Solving. So multiply units like you would variables or numbers. And that \(m/s\) is squared. So treat that like \(\Large\left(\frac{m}{s}\right)^2\) when you do your math.
Understood? You can let me know what you get to see if we agree on what that is. If we have different answers, we can work through it together :)
alright thanks :)
Let me know what you get, if I'm still on when you solve it! After you work the units out, you try to find if they are actually one unit themselves! And you can calculate the numbers separately - that's just putting it into a calculator correctly, though. Right? Good luck!
thanks i will :)
Alright. Have you started any work yet?
yea i tried and like to convert them but idk how u meant with ur method
So, like, you have\[[kg]\ [m/s]^2\]\[=[kg]\ [m\div s]^2\]\[=[kg]\ [m]^2\div [s]^2\]So, in the end, you have\[[units\ of\ K]=\frac{[kg][m]^2}{[s]^2}\]

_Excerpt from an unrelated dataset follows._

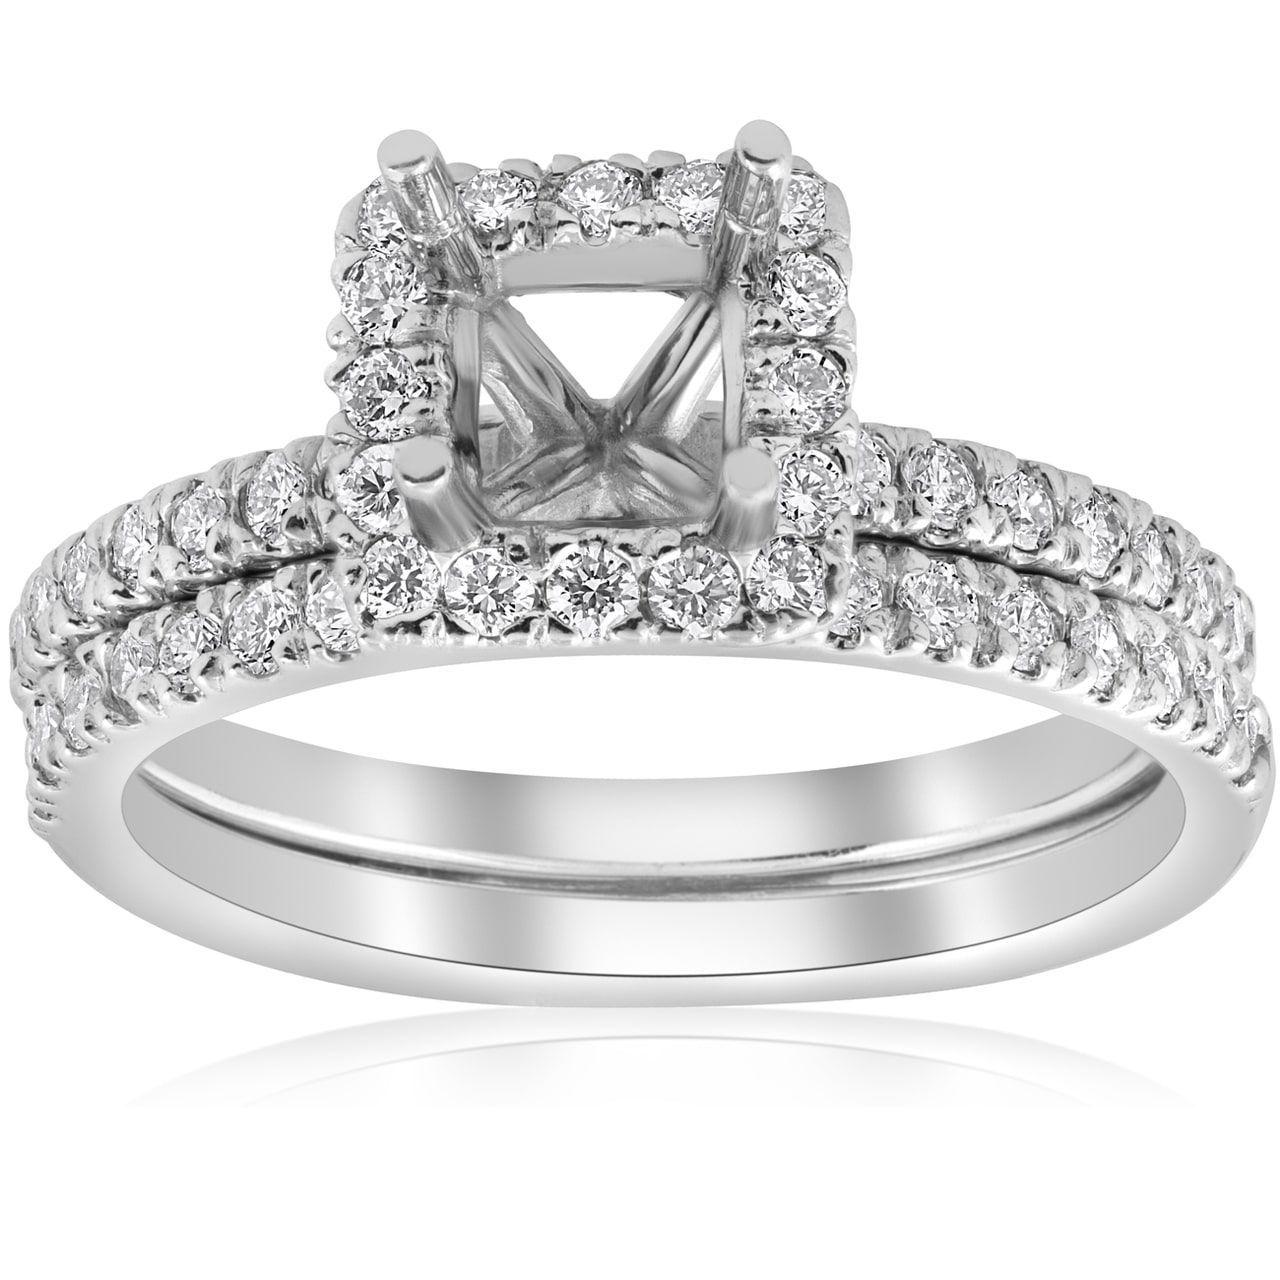 Bliss 14k Gold 5/8ct Princess Cut Diamond Halo Engagement Ring Setting Matching Band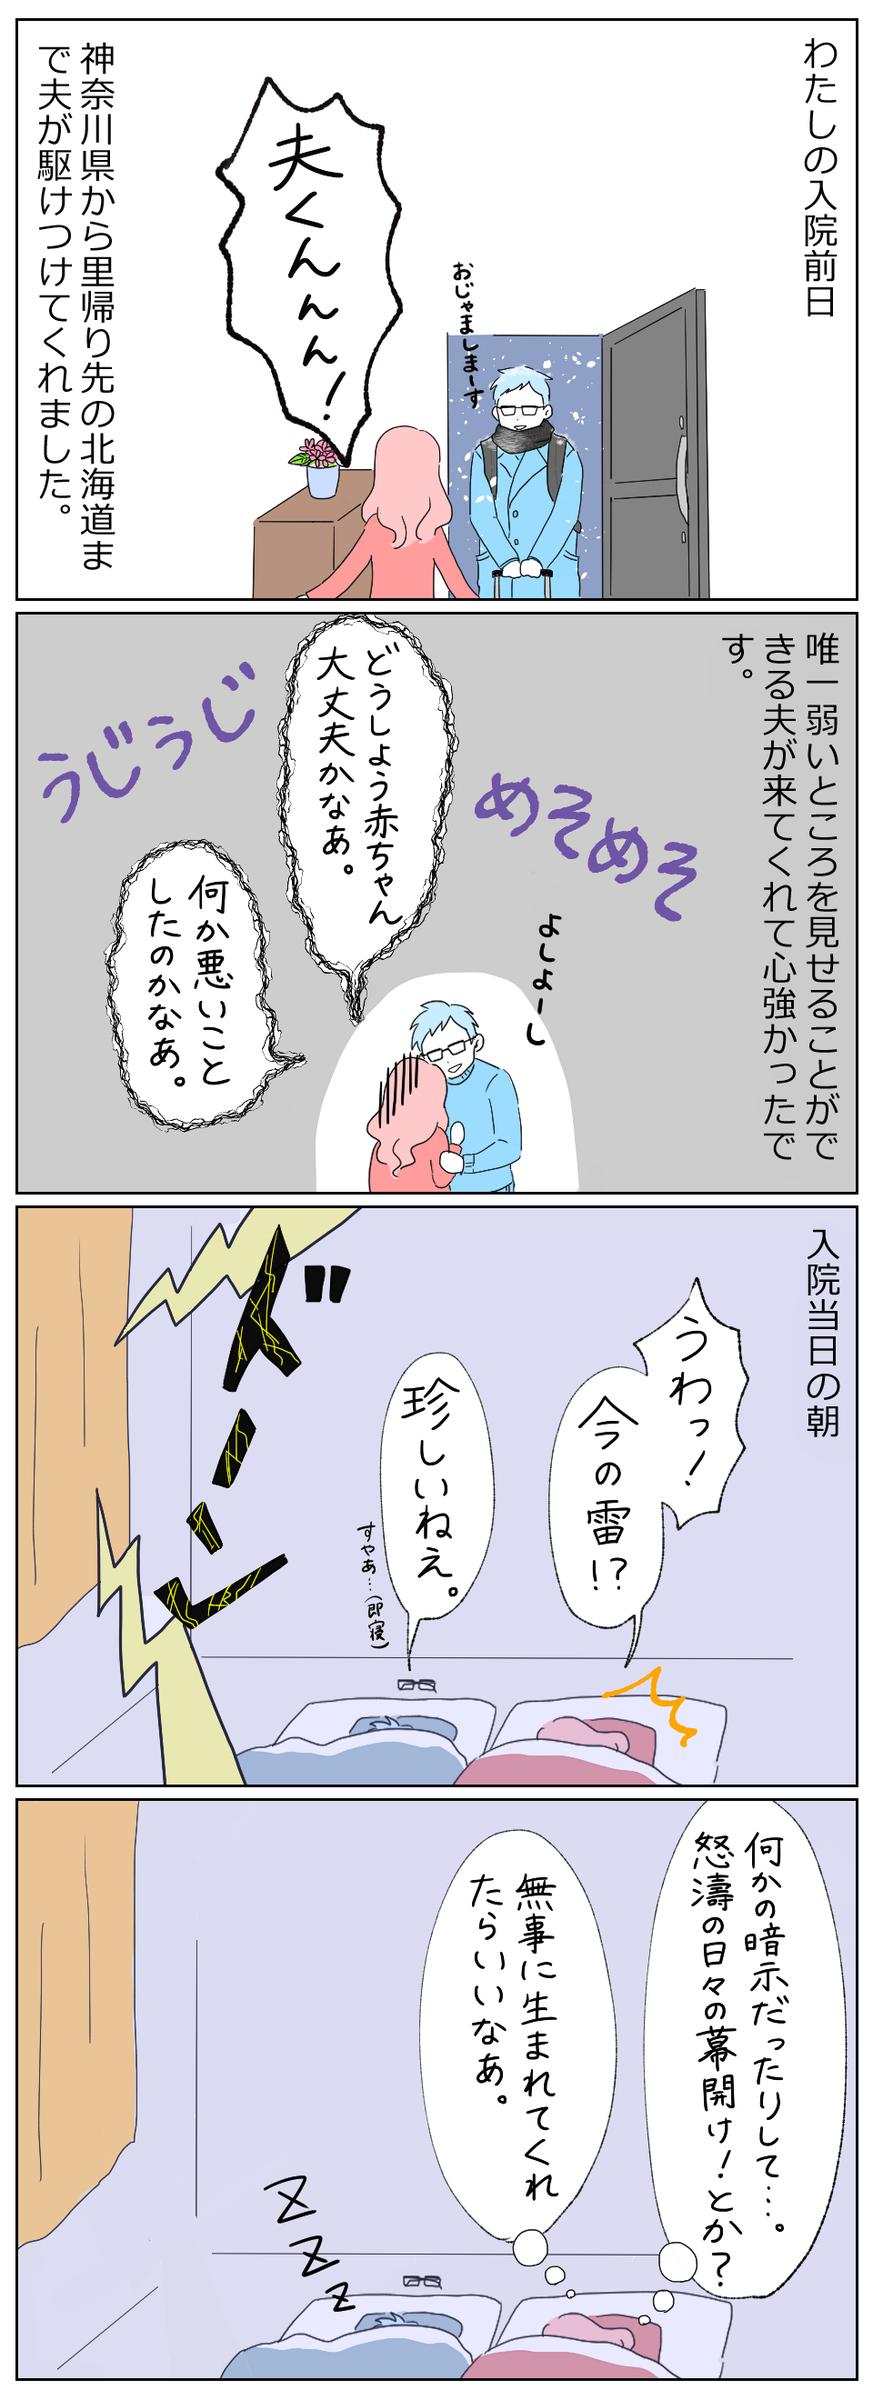 f:id:kayarimo:20190321133207j:plain

Now it's memory work. I can only remember units from equations. Like, force is in newtons, and force is mass * acceleration which is kg * m/s^2. So newtons are "kg m / s^2"
Do you know what "work" is in physics? If not, I'd like you to look at the equation.
ok let me write that down
wait wat do u mean by m/s isnt it one unit?
meters per second can be a unit, because it is a unit of velocity. However, meters and seconds are also units themselves, of distance and time respectively. A unit is just what you can measure something in.
ok so i put : (3.6*10^2kg) (2.32*10^5s)^2 (3.6*10^2kg) (2.32*10^5)/ (2.32*10^5)
is that right?
And you can treat units like variables. They can cancel each other out and multiply and stuff. You see it a lot when converting.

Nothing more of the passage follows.